The news, released yesterday, once again draws attention to the Sino-Indian rivalry to lead the global South. Despite words of détente at last week's BRICS meeting, ongoing border tensions in the eastern state of Ladakh remain high. Xi’s absence marks a failure of Indian diplomacy to bring together major world leaders around the same table.

 

New Delhi (AsiaNews) – Chinese President Xi Jinping is not likely to attend the G20 summit in India scheduled for 8-10 September; instead, he will be represented by Prime Minister Li Qiang, Reuters reported yesterday. This is not unexpected; The Wire claims that Indian officials have known this for a month.

Xi’s absence from the summit, the first time since 2013, combined with that of Russian President Vladimir Putin, who will send Foreign Minister Sergei Lavrov in his place, constitute a failure for Indian diplomacy, which sought to bring together the leaders of Russia, China and the United States around the same table relying on India’s equivocal ties with Russia and its strategic cooperation with the United States.

Experts argue that Xi's choice not to participate in the G20 reflects his desire to distance his country from Western-dominated international institutions.

At the same time, some believe that Beijing wants to send a signal to its Asian rival, which had worked hard to promote the meeting, namely that it does not want to acknowledge India’s economic progress while China seems to be losing steam.

Any hope Indian Prime Minister Narendra Modi had in his ambitious plan to see India act as a mediator and link between East and West is cracking at the seams due to incompatible territorial claims.

Over the past three years, the "line of actual control" (LAC) that runs for 3,500 kilometres in the eastern Ladakh between India and China has turned hot.

The border, which crosses the Himalayan range, was never fixed after the British pulled out of their former colony and the issue has remained unresolved for decades. Then, in June 2020, Indian and Chinese troops clashed in the Galwan Valley, leaving 20 dead on the Indian side and five on the Chinese.

While border tensions are nothing new (including a war in 1962), analysts consider the events of 2020 as a watershed in bilateral relations between Beijing and Delhi.

Talks so far (at least 19 rounds) have only led to further hardening of their respective positions about the border rather than military disengagement.

Despite an apparent détente at the BRICS summit in Johannesburg (South Africa) last week, where Beijing proposed adding six new members (against the West), the border issue resurfaced this week after China's Ministry of Natural Resources published its latest map showing the Indian state of Arunachal Pradesh and Kashmir’s Aksai Chin plateau within Chinese territories.

Reacting to the publication, Indian External Affairs Minister S. Jaishankar called China's claims "absurd”, while Chinese authorities urged India not to overreact. China’s claims, which include Taiwan and vast swathes of the South China Sea, have angered other countries as well.
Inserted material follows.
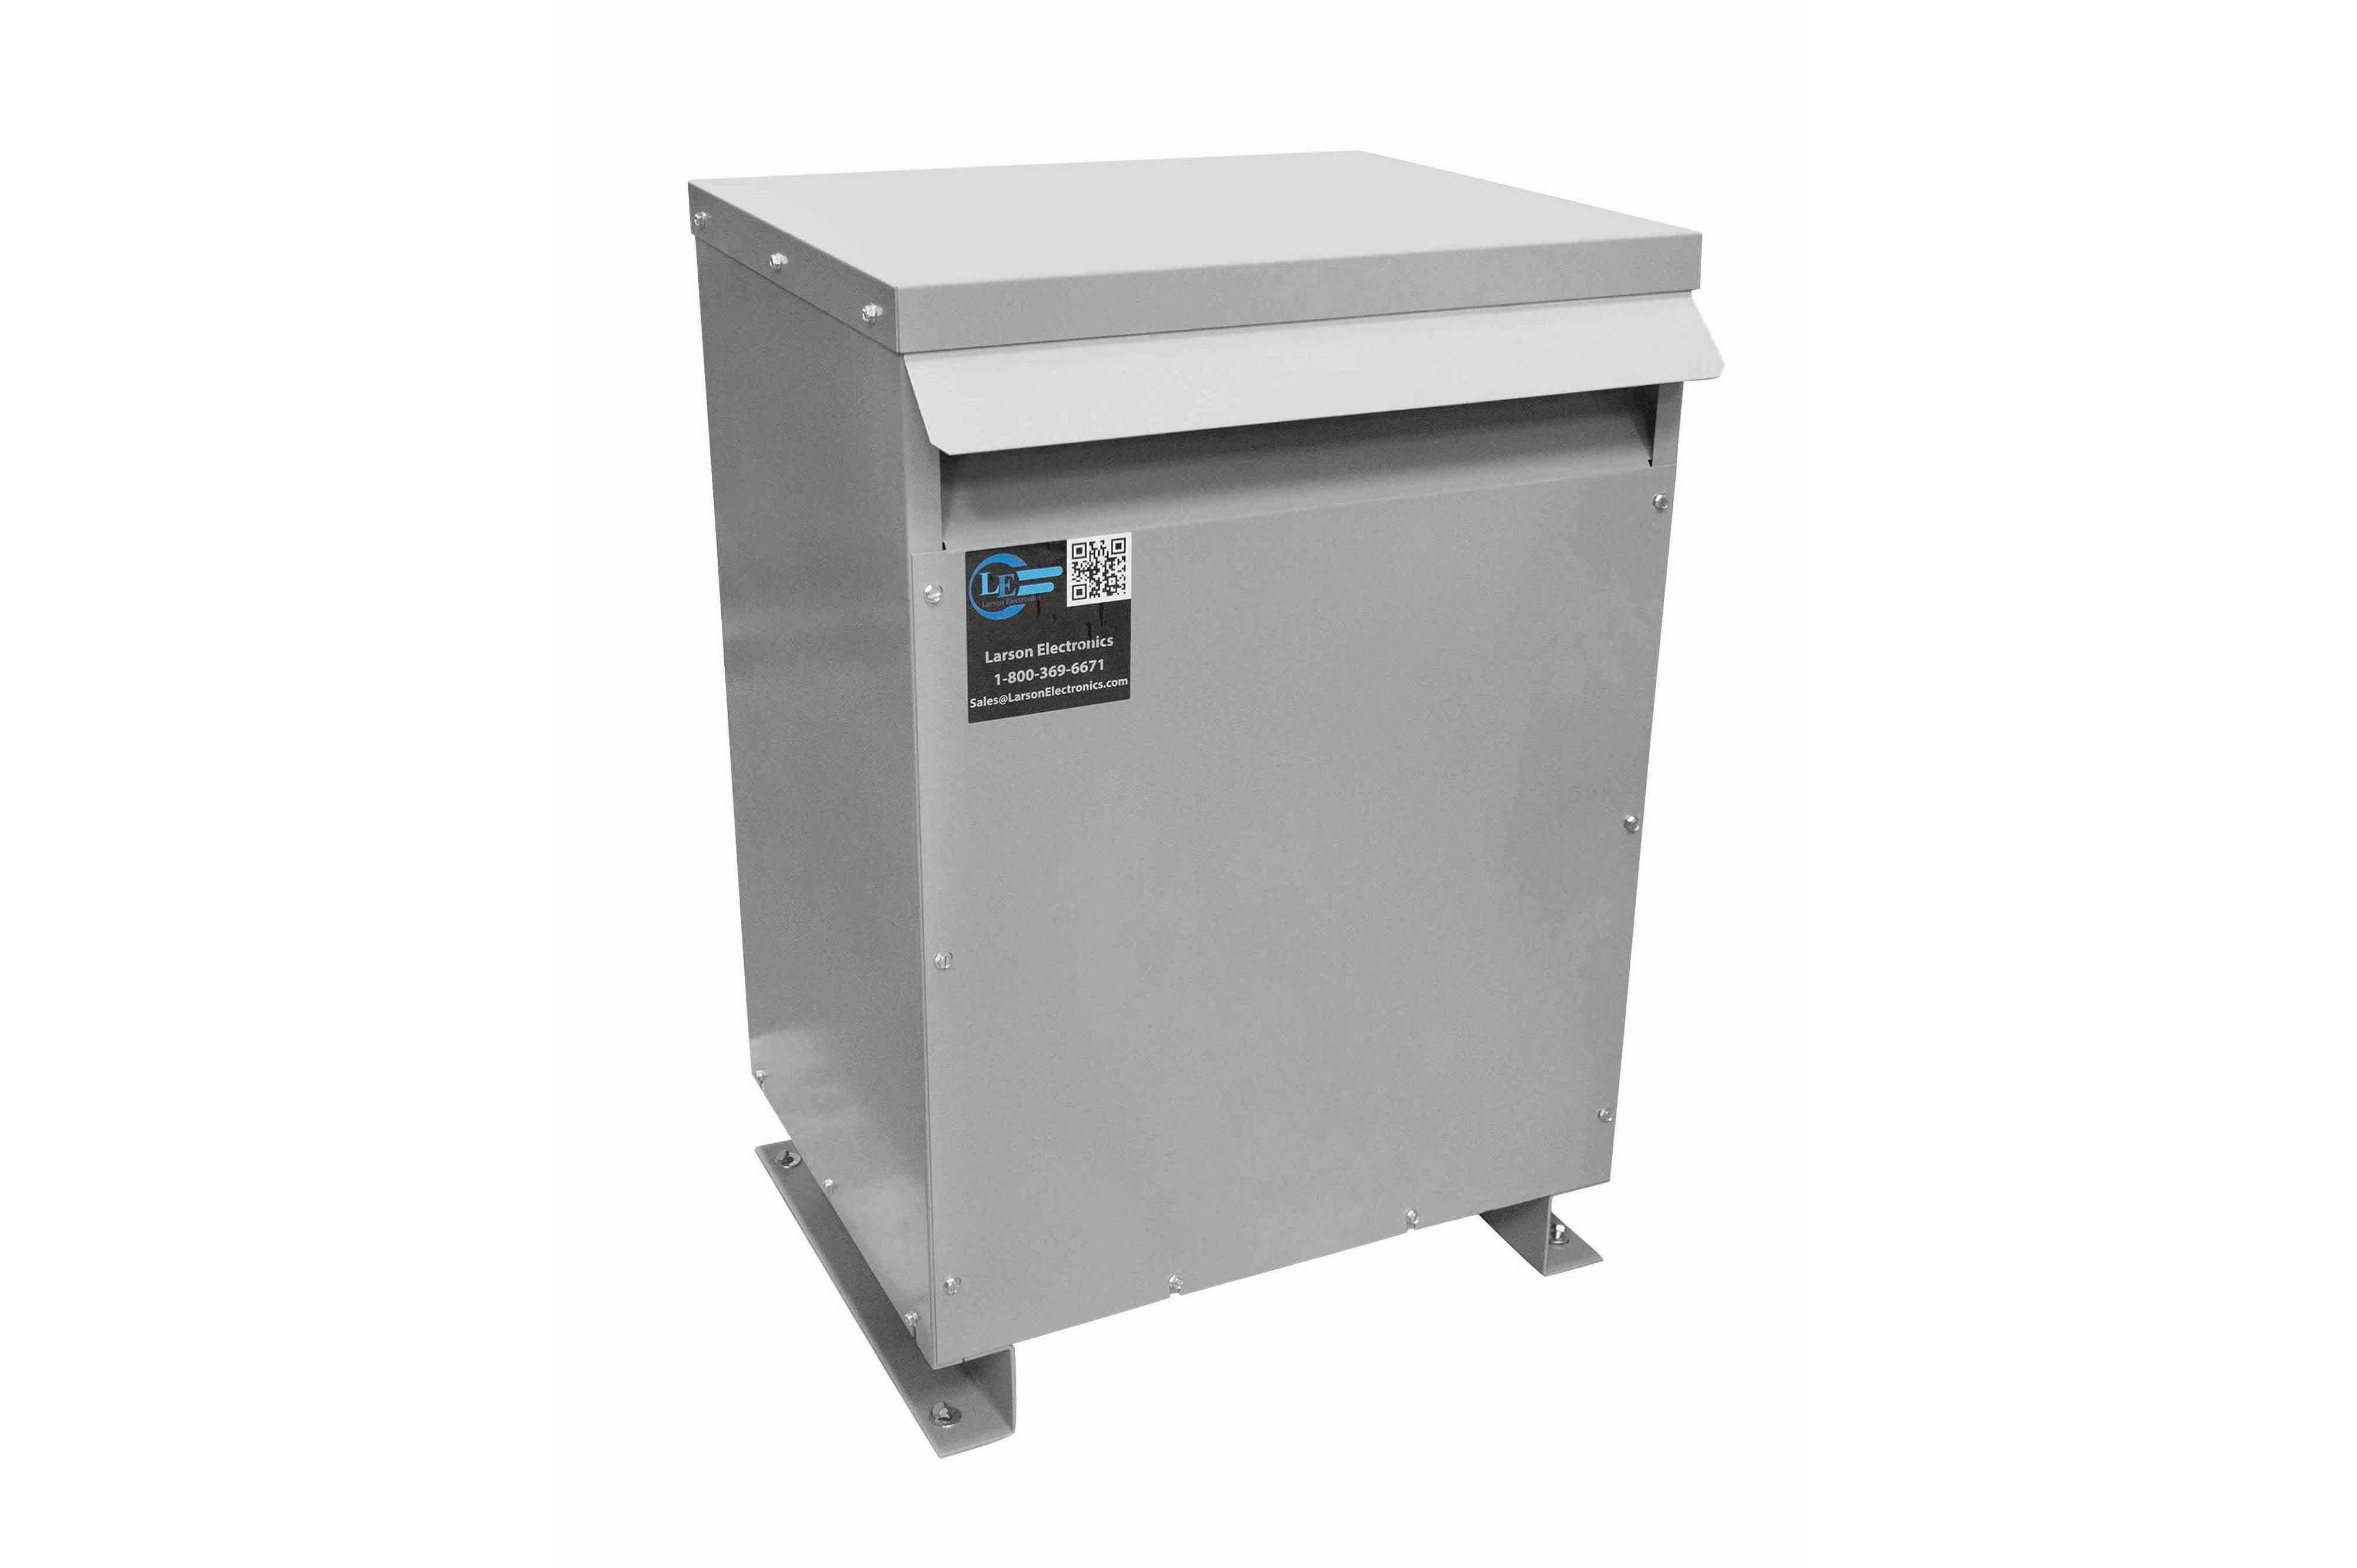 11 kVA 3PH Isolation Transformer, 480V Wye Primary, 600V Delta Secondary, N3R, Ventilated, 60 Hz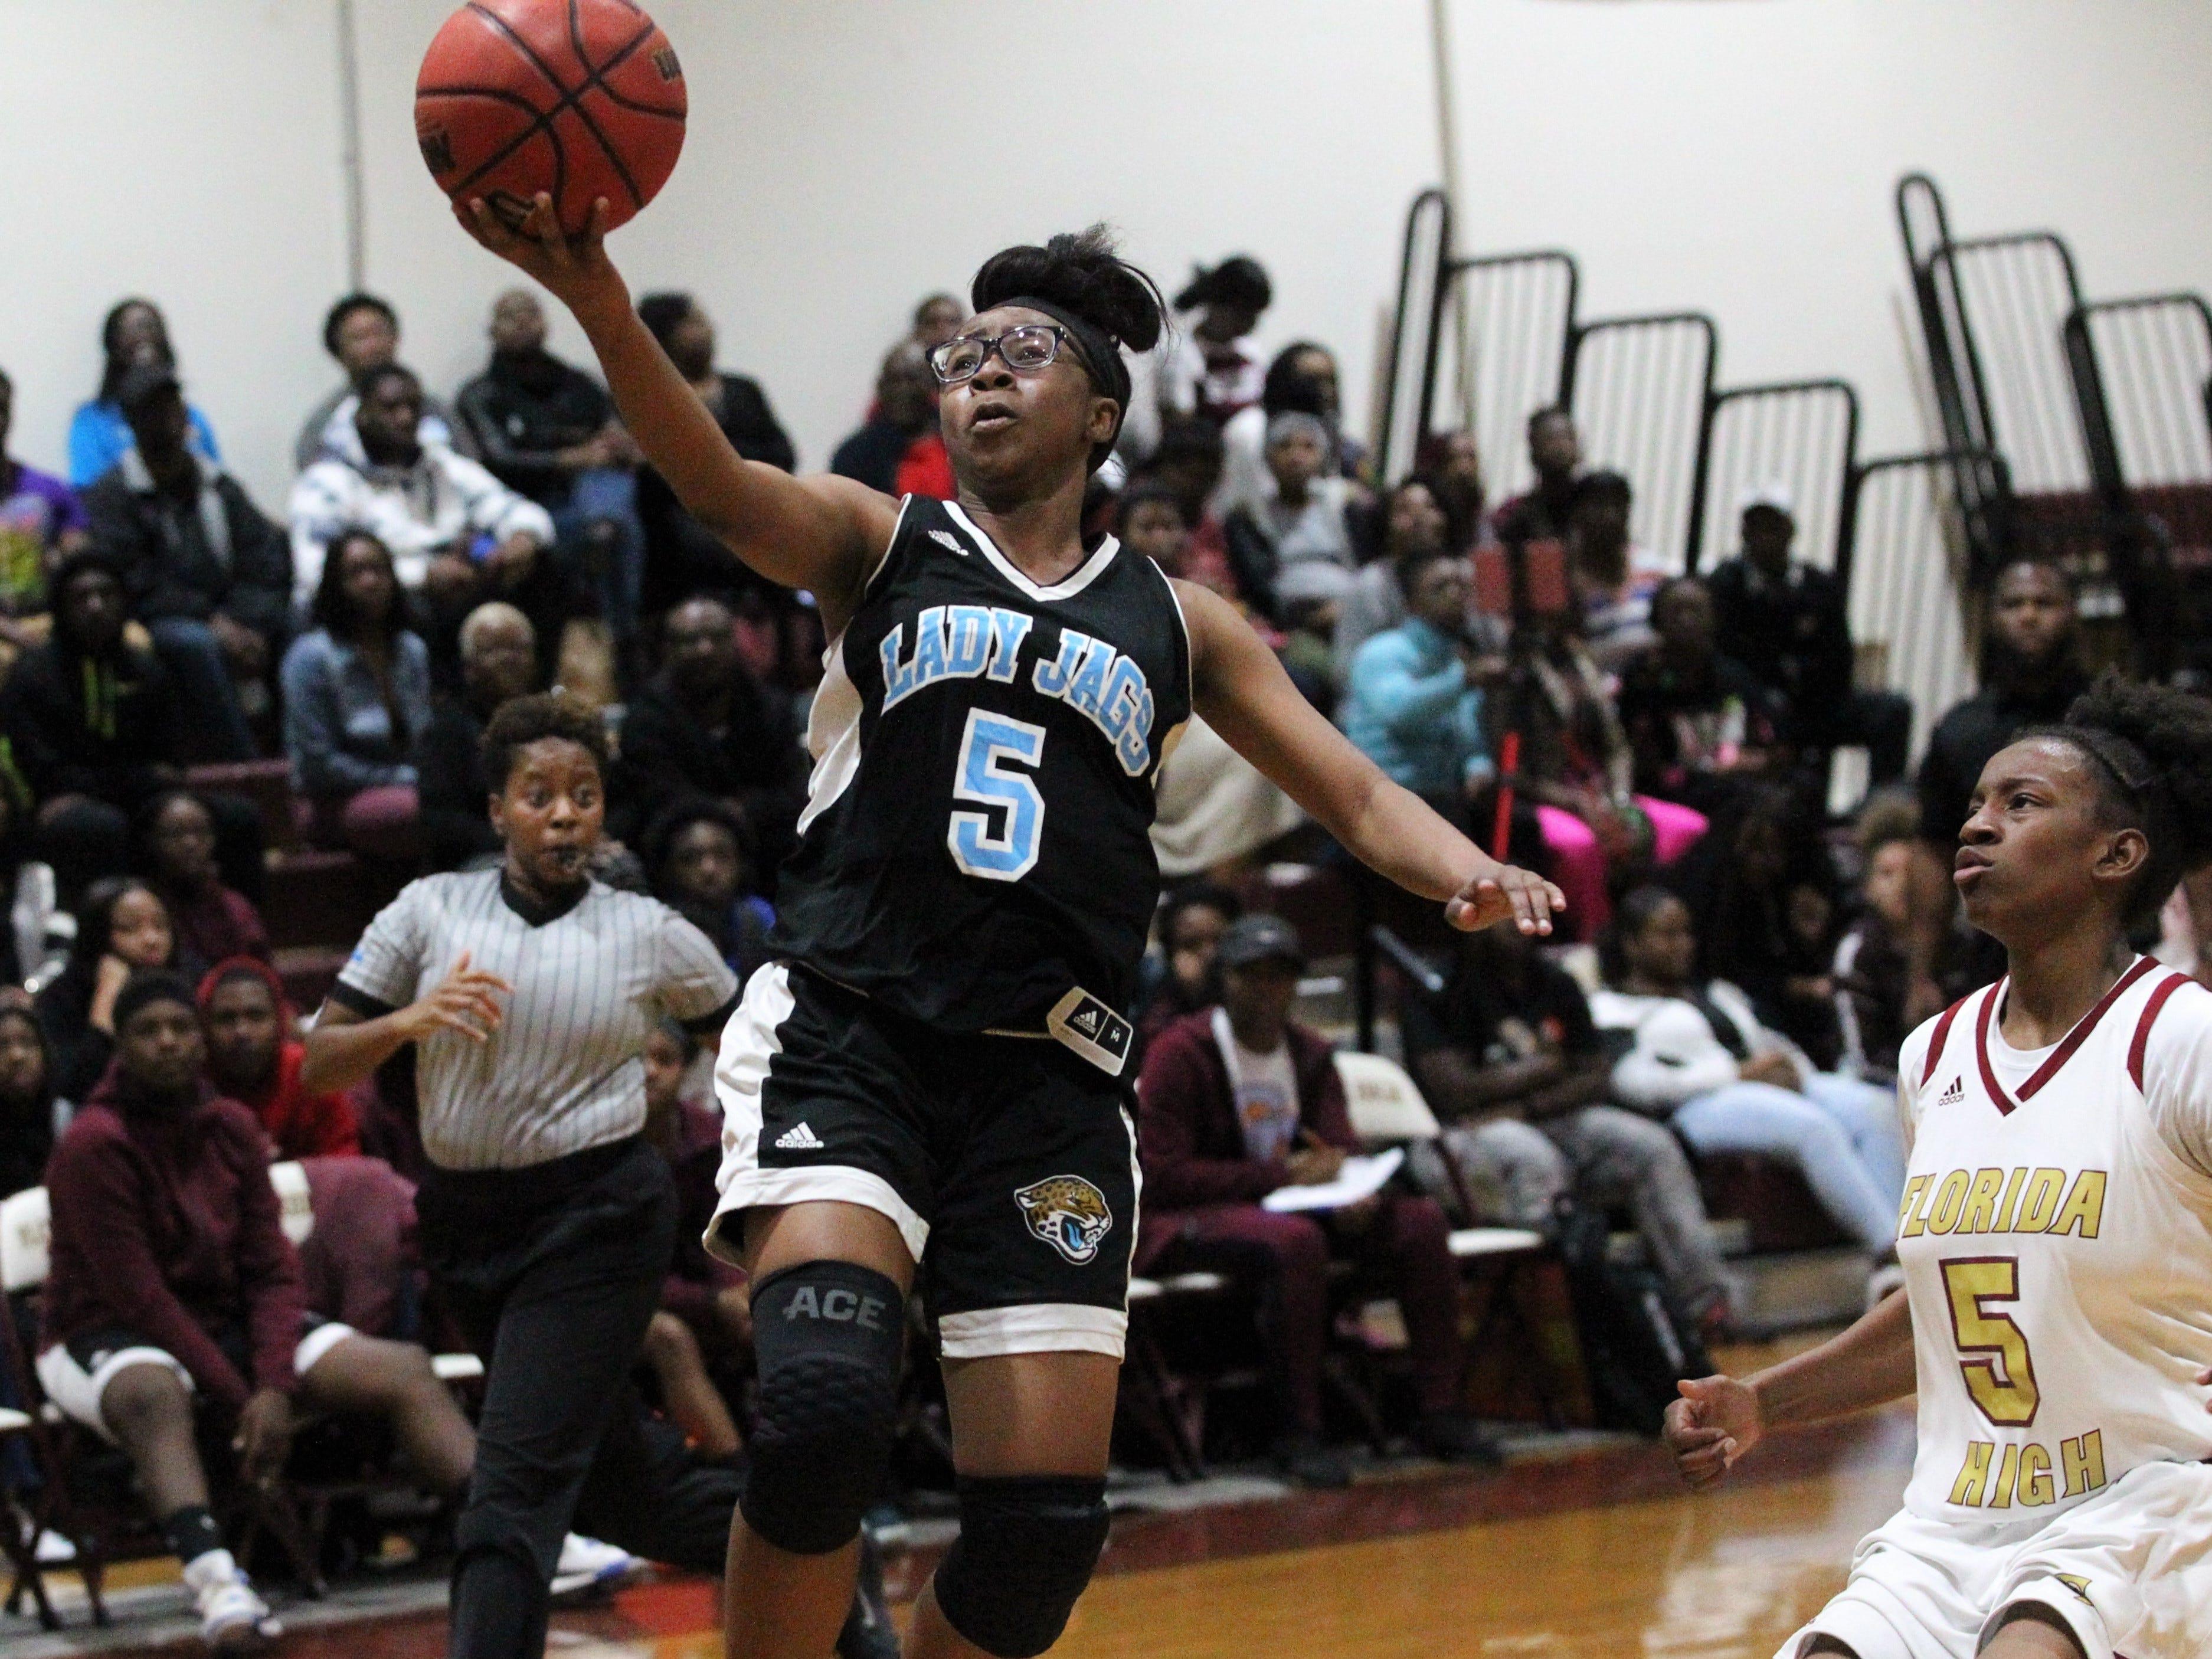 Gadsden County point guard Ta'Nija Watson scoops a layup as Florida High beat Gadsden County 69-53 on Jan. 17, 2019.

Recently, China has refused to stamp the passports for Indian officials and sportsmen from Arunachal Pradesh claiming that they are Chinese nationals, not foreigners.

Despite words about working for détente, the issue remains unsolved, and will condition Sino-Indian relations for a long time.

Most preparatory meetings held ahead of next weekend’s summit failed to find any point of agreement on the war in Ukraine; last’s month meeting in the city of Gandhinagar between G20 finance ministers and central bank governors ended without a joint statement on the conflict.

China and Russia objected to paragraphs referring to the war that said it was causing “immense human suffering” and “exacerbating existing fragilities in the global economy.”

In an attempt to remain neutral, India has expressed concern over the war’s impact on developing countries, positioning itself as the leader of the global South, a role that once again runs up against Chinese ambitions.

When India held a preparatory meeting in Kashmir in May for foreign officials from G20 countries, China and its anti-Indian ally Pakistan refused to send a delegation.